Abby @ The Frosted Vegan
Ohhh no you didn’t! I would go for not doing math and just shoving my face into this, cool?
Erin | The Law Student's Wife
Cheers to old school, to real-deal fudge, and to all things salty-sweet, forever and ever amen.
Girl Named Allyn
Long division is of the devil. It was right up there with diagramming sentences in terms of sheer torture. OH THE PAIN.
This fudge, however… yes please.
I really appreciate that you posted it right after that salad recipe. I do love a well balanced diet.
Bethany
I hate you…this will be all I will think of all day
Julia
How in the world will I survive without making these right now?
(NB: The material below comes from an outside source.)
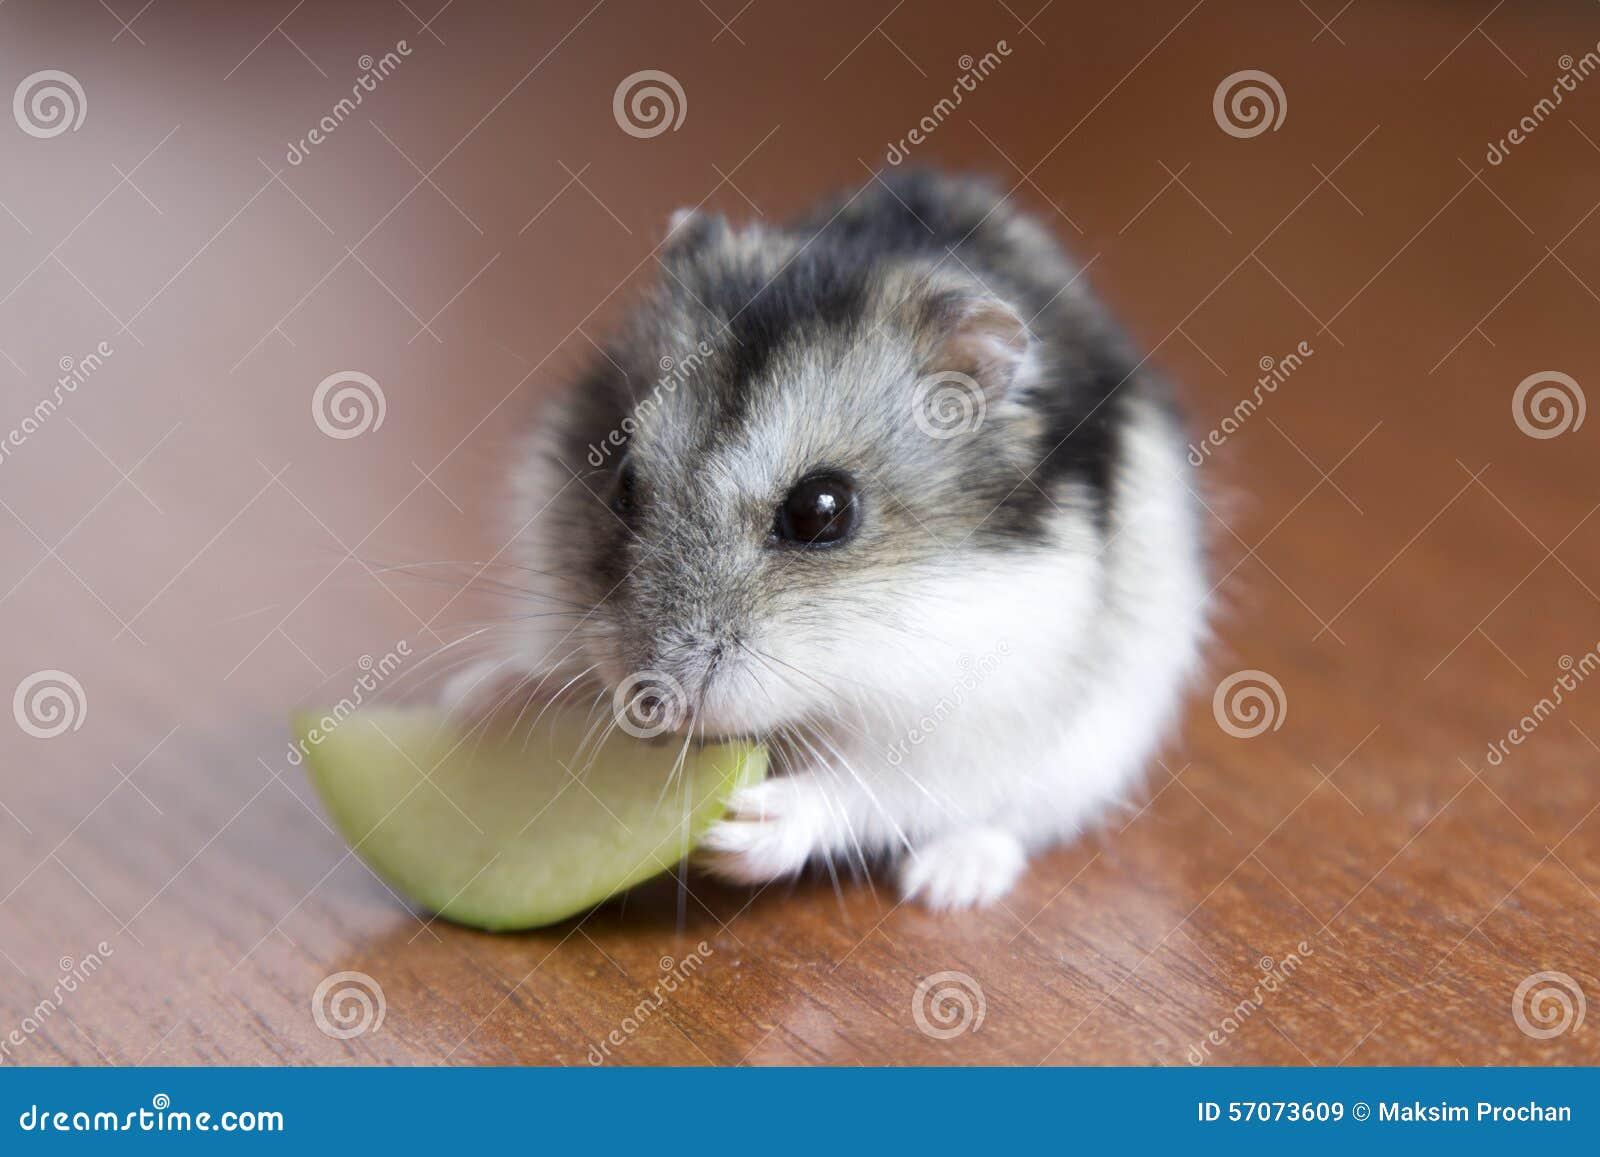 De leuke hamster eet appel

They look amazing!
dc
Love the mint/mallow/pretzel thing, but having lost more than one pot and candy thermometer to destruction I’ll stick to marshmallow fluff or sweetened condensed milk fudge. lol Thanks for sharing this!
Tori@Gringalicious.com
How ironic that I posted fudge today too. I’m loving this recipe Joy! There is just so much going on and so many yummy flavors! Pinned!
Averie @ Averie Cooks
This looks incredible and your images make me want to break off a big piece – so pretty and clear and perfect! Pinned :)
Katrina @ Warm Vanilla Sugar
I just love how festive this is joy! Delicious!